Because of this, the risk of fire in a spacecraft is small when it is what?
A: Coasting in inertial flight.

This does not apply if oxygen is supplied to the fire by what?
A: Some process other than thermal convection.

Fire can be extinguished by removing what?
A: Any one of the elements of the fire tetrahedron.

How can a natural gas flame, such as from a stove-top burner be extinguished?
A: Turning off the gas supply, or covering the flame completely, which smothers the flame.

Fire is affected by what force?
A: The force of gravity.

A flame is a mixture of reacting gases and solids emitting what?
A: Visible, infrared, and sometimes ultraviolet light, the frequency spectrum of which depends on the chemical composition of the burning material and intermediate reaction products.

 
In many cases, such as the burning of organic matter, for example wood, or the incomplete combustion of gas, incandescent solid particles called soot produce what?
A: The familiar red-orange glow of "fire".

This light has a continuous what?
A: Spectrum.

Complete combustion of gas has what color?
A: A dim blue color due to the emission of single-wavelength radiation from various electron transitions in the excited molecules formed in the flame.

Usually oxygen is involved, but hydrogen burning in chlorine also produces what?
A: A flame, producing hydrogen chloride (HCl).
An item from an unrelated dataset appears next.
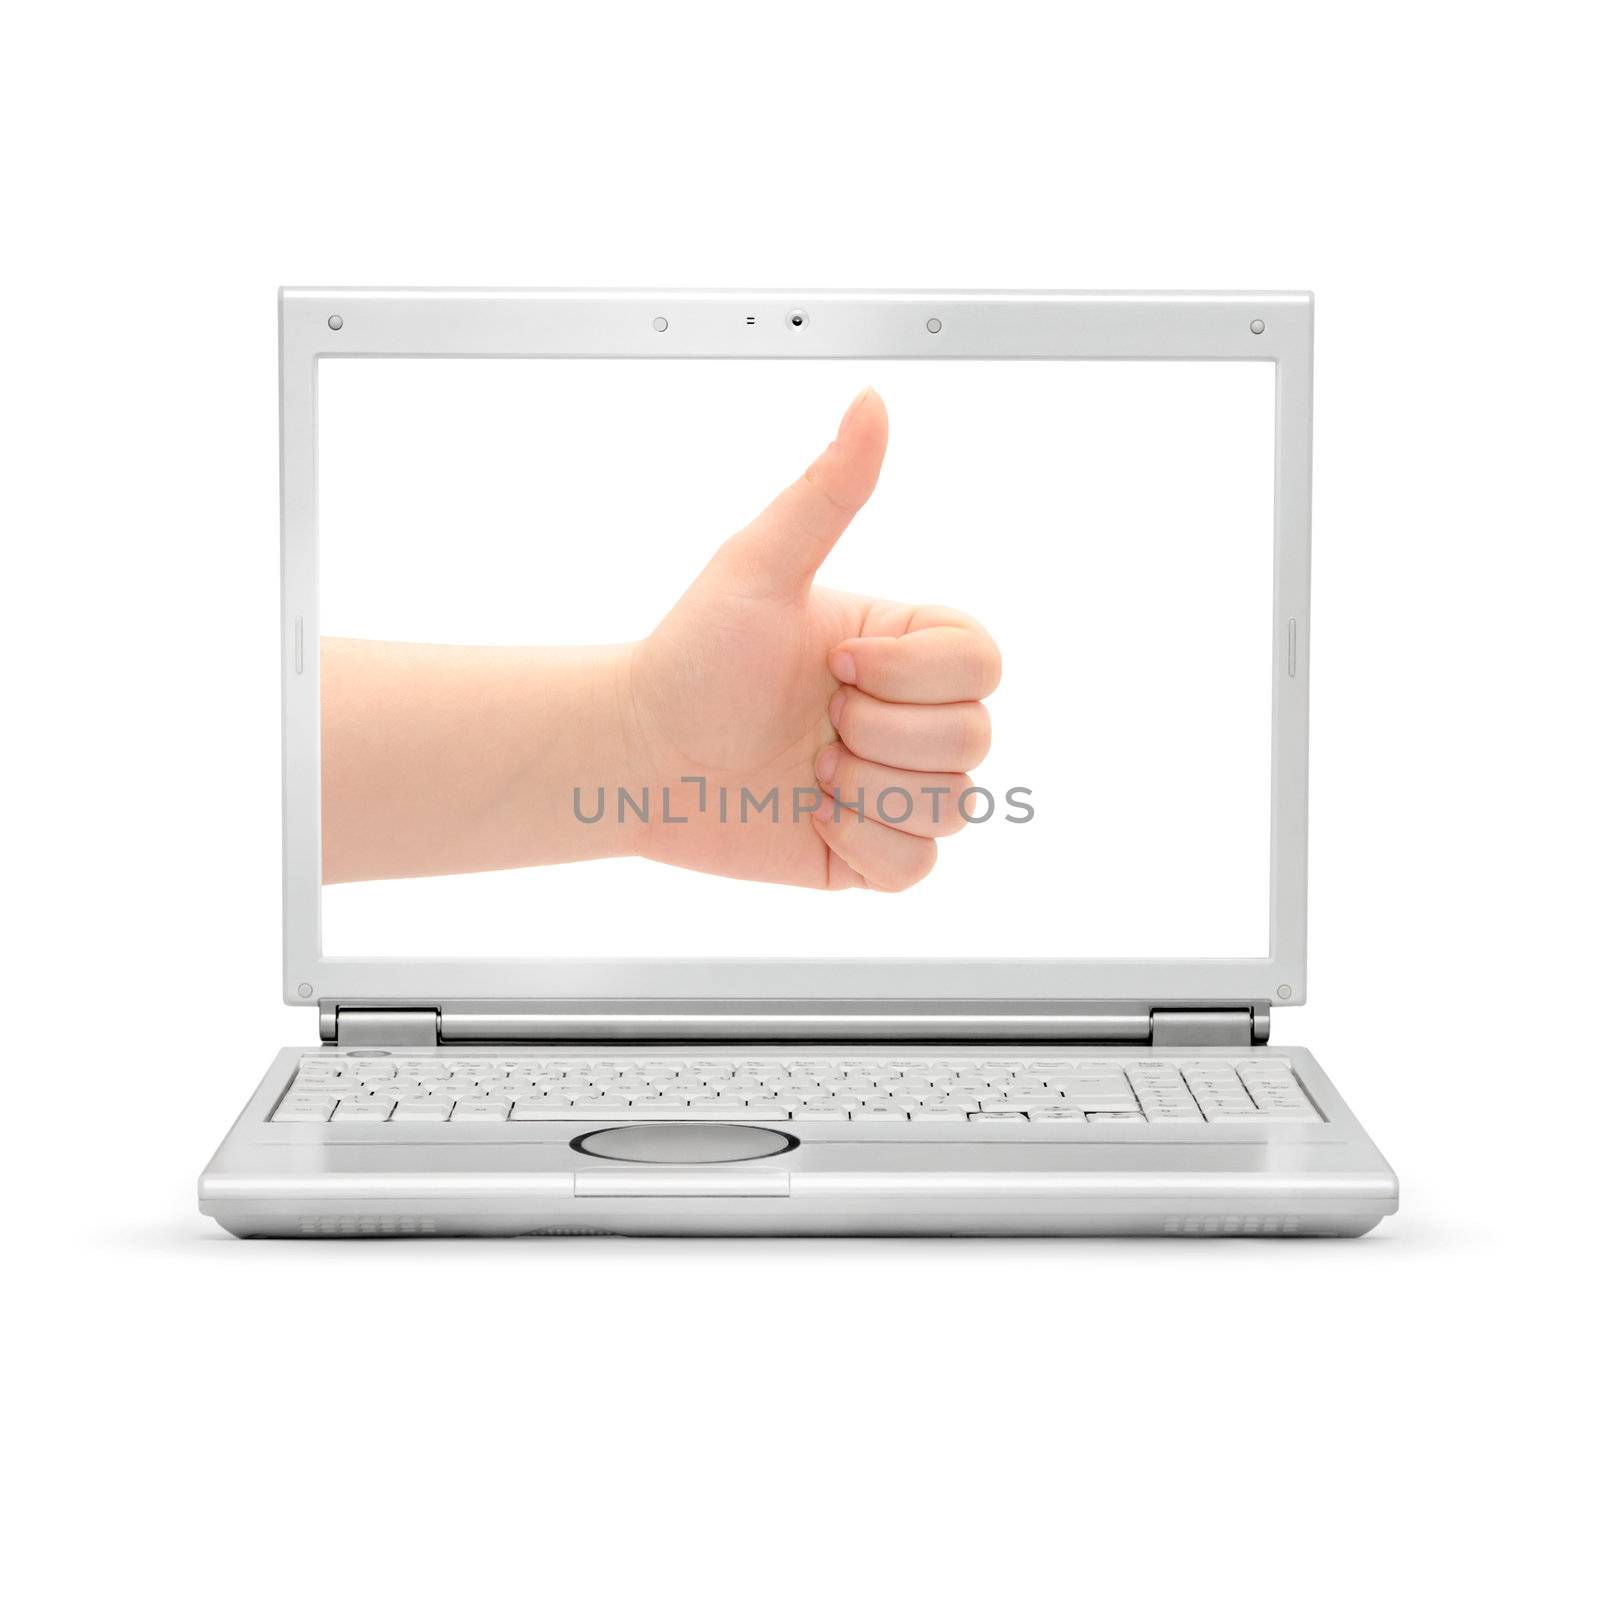 Laptop isolated on white background

Other possible combinations producing flames, amongst many, are what?
A: Fluorine and hydrogen, and hydrazine and nitrogen tetroxide.
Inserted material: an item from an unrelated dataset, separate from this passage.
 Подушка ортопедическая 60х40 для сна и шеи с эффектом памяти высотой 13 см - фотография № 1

Hydrogen and hydrazine/UDMH flames are similarly pale blue, while burning boron and its compounds, evaluated in mid-20th century as a high energy fuel for jet and rocket engines, emits what?
A: Intense green flame, leading to its informal nickname of "Green Dragon".

Black-body radiation is emitted from what?
A: Soot, gas, and fuel particles, though the soot particles are too small to behave like perfect blackbodies.

 
There is also photon emission by what?
A: De-excited atoms and molecules in the gases.

Much of the radiation is emitted in what part of the spectrum?
A: The visible and infrared bands.

The color depends on temperature for the black-body radiation, and on what?
A: The chemical makeup for the emission spectra.

The dominant color in a flame changes with what?
A: Temperature.

The common distribution of a flame under normal gravity conditions depends on what?
A: Convection, as soot tends to rise to the top of a general flame, as in a candle in normal gravity conditions, making it yellow.

In micro gravity or zero gravity, such as an environment in outer space, convection no longer occurs, and the flame becomes what?
A: Spherical, with a tendency to become more blue and more efficient.

There are several possible explanations for this difference, of which the most likely is what?
A: That the temperature is sufficiently evenly distributed that soot is not formed and complete combustion occurs.

 
Experiments by NASA reveal that diffusion flames in micro gravity allow more soot to be completely oxidized after they are produced than what?
A: Diffusion flames on Earth, because of a series of mechanisms that behave differently in micro gravity when compared to normal gravity conditions.

In combustion engines, various steps are taken to eliminate what?
A: A flame.

The method depends mainly on what?
A: Whether the fuel is oil, wood, or a high-energy fuel such as jet fuel.

Objects whose surface is at a temperature above approximately 400 °C (752 °F) will glow, emitting what?
A: Light at a color that indicates the temperature of that surface.

The "adiabatic flame temperature" of a given fuel and oxidizer pair indicates what?
A: The temperature at which the gases achieve stable combustion.